Thanks very much for your input, I could have never figured the error on my own since it doesn’t show up on either my console output or the logfile.
I guess this is because I was not using the latest version.
…and because you didn’t follow the LAMMPS manual about debugging crashes:
I am now using the latest stable release and I got the same error as you.
I have a follow-up question related to the error:
ERROR: Pair lj/long/dipole/long requires atom attributes mu, torque (src/DIPOLE/pair_lj_long_dipole_long.cpp:237)
I understand “mu” is the dipole that is associated with point particles.
How does one specify this for the extended rigid molecules?
mu and torque are properties of atoms and thus as enabled by using a suitable atom style.
For spheres, one can of course use:
set group group-ID dipole/random seed value
The error also mentions the “torque” for the atom attributes.
However, I do not see torque attribute for any of the atom styles or the molecules.
torque is not a static property that you set with the set command, but computed (like forces) during the computation of the interactions.
Albeit, the molecules do have the Moment of Inertia attribute that can be specified.

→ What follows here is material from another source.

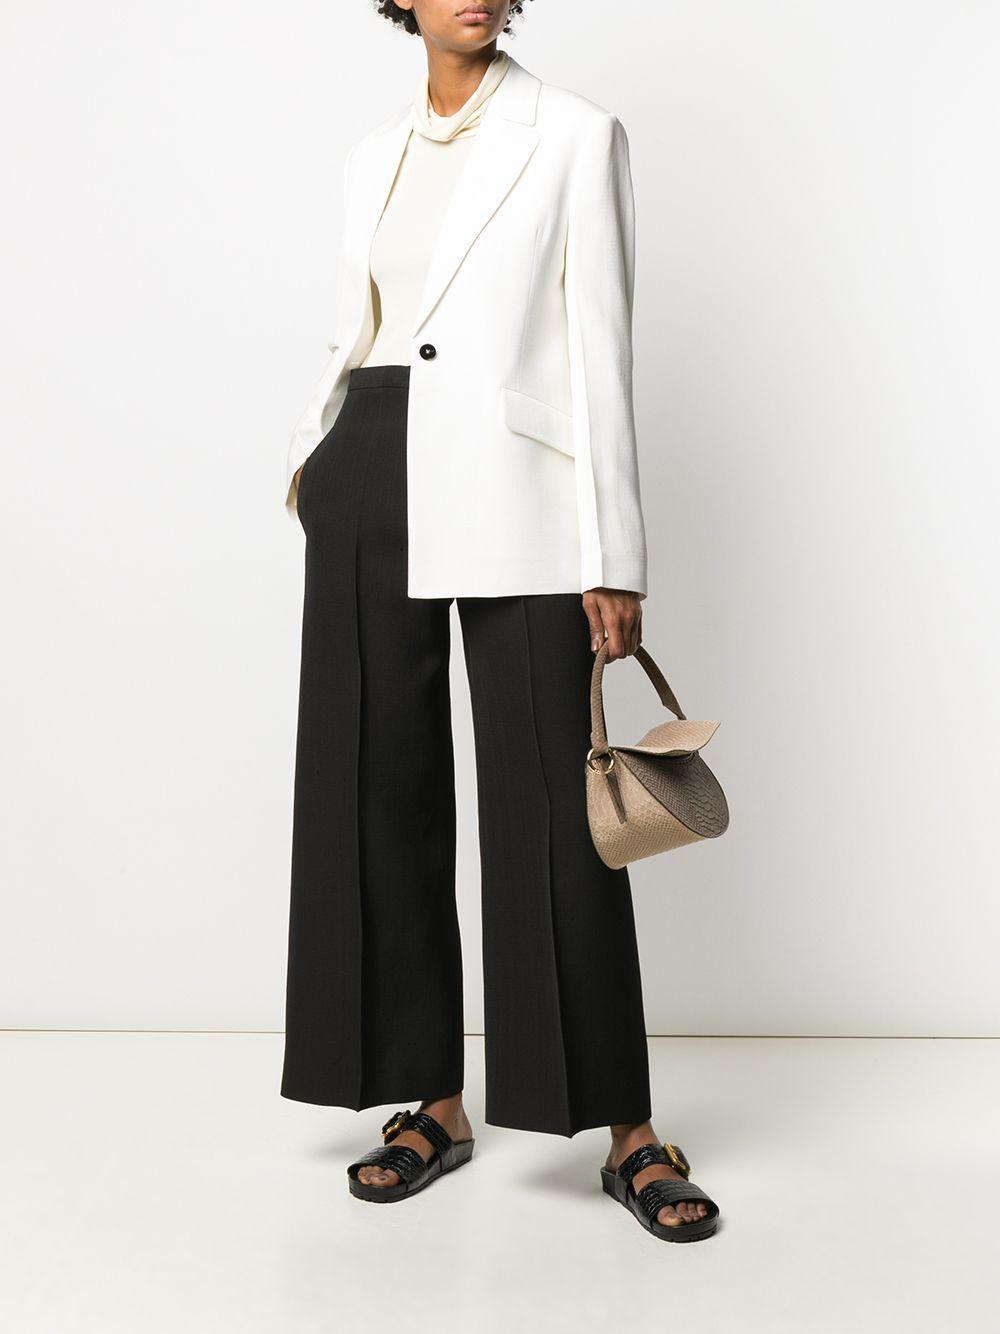 Pantalones anchos de talle alto Jil Sander de Algodón de color Negro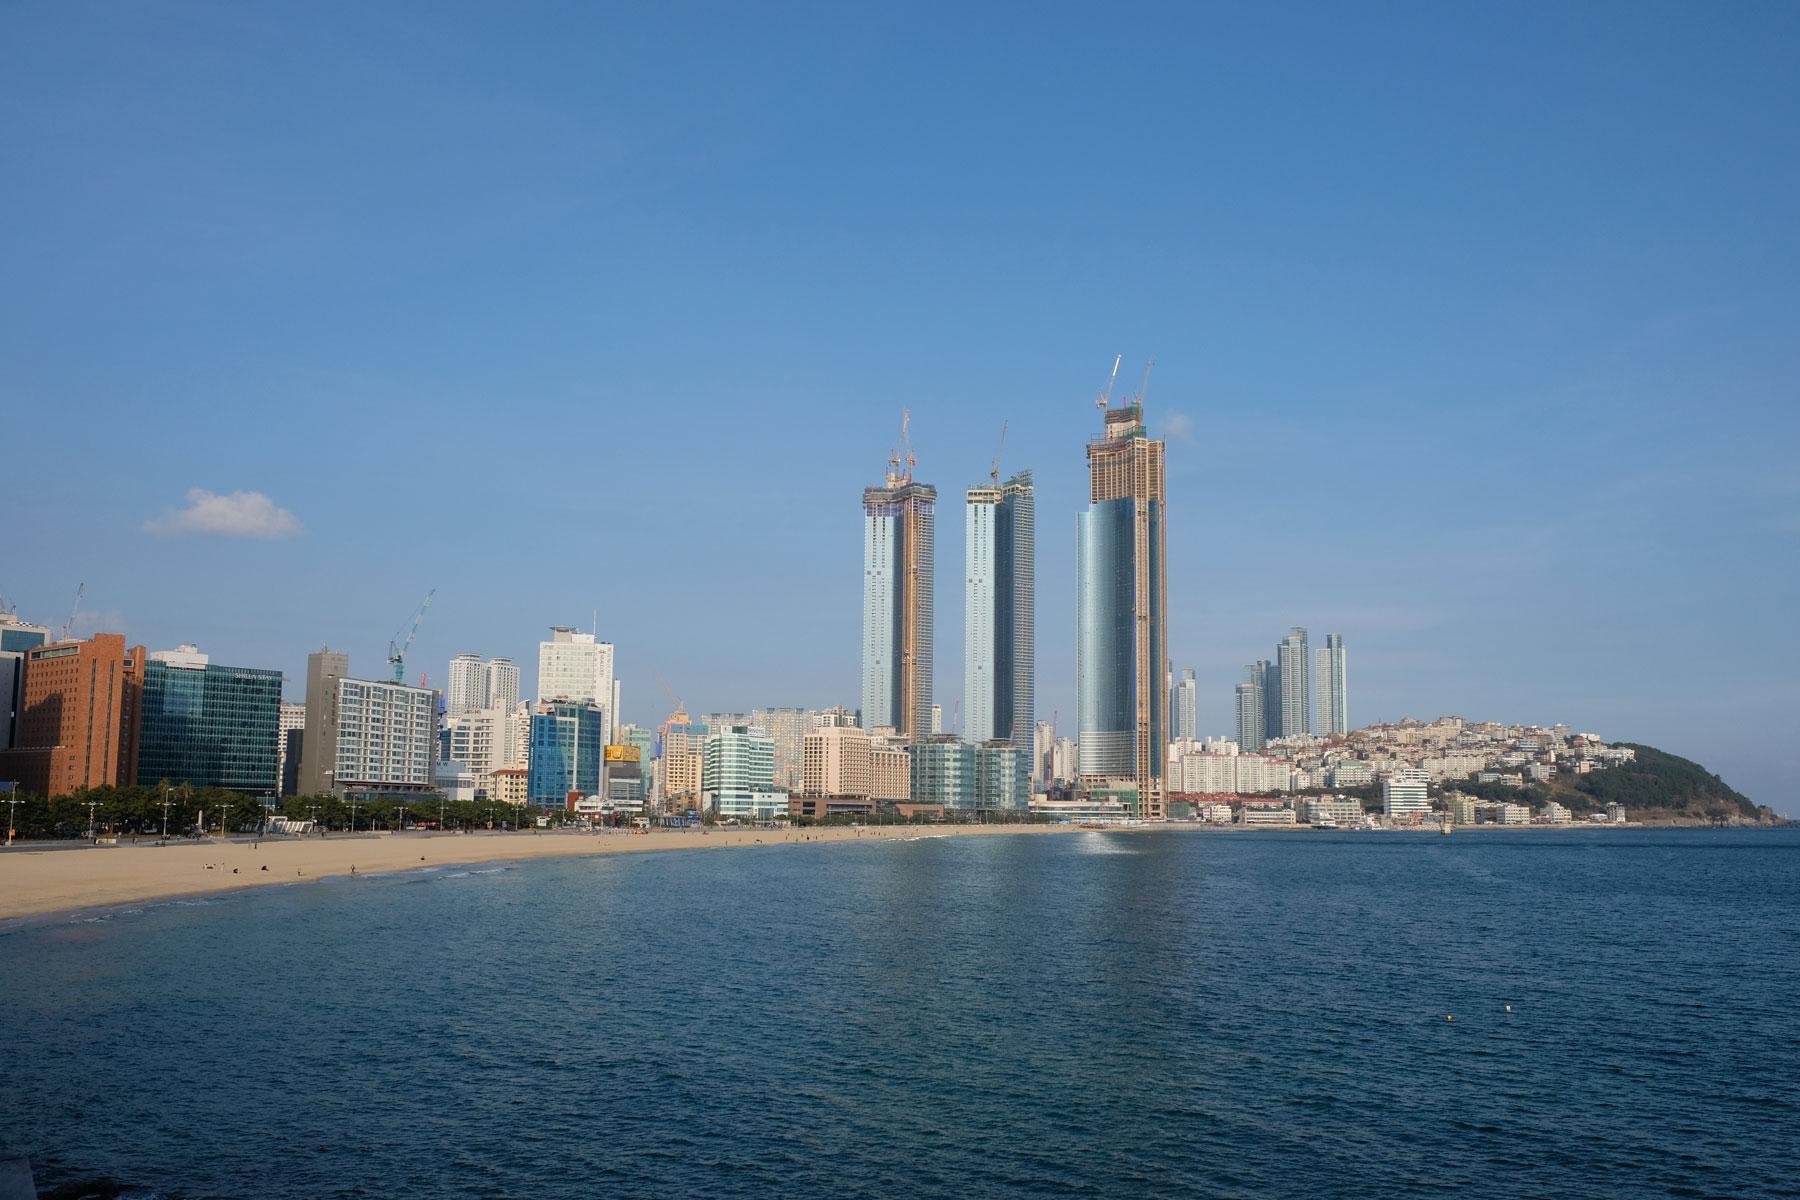 Am Haeundae-Strand in Busan erheben sich die Hochhäuser.

So, isn’t the “fix rigid/nvt/small” supposed to compute the torques internally based on the forces acting on the rigid particles/molecules?
I could not find anything relevant from the documentation, but it is very much possible I have missed it.
there is a difference between torque on rigid bodies and torque on atoms.
As regards the use of the options for the pair style “lj/long/dipole/long off off $$”, I had the same question.
The molecule actually has a linear quadrupole moment (i.e. two antiparallel dipoles).
which you are modeling through 4 point charges. so there is no need to include explicit dipoles and to use a pair style that uses such dipoles.
it looks to me that this is a file with errors.
a correct pair style would be lj/cut/coul/cut or any variant with a damped or long-range coulomb or lj variant, if needed.
However, I am merely trying to be consistent with the prescribed force-field given below that is taken from the MolMod database.
there are some items that look inconsistent:
the length of the time step. you have metal units to the unit of time is 1 picosecond and thus a timestep or 0.1ps is quite unrealistic.
the mass for the hydrogen atom seems to be missing
the time constant for the thermostat with 10ps is quite large
i’ve tried accessing this website, but since it doesn’t support https there are serious problems accessing it with an up-to-date webbrowser.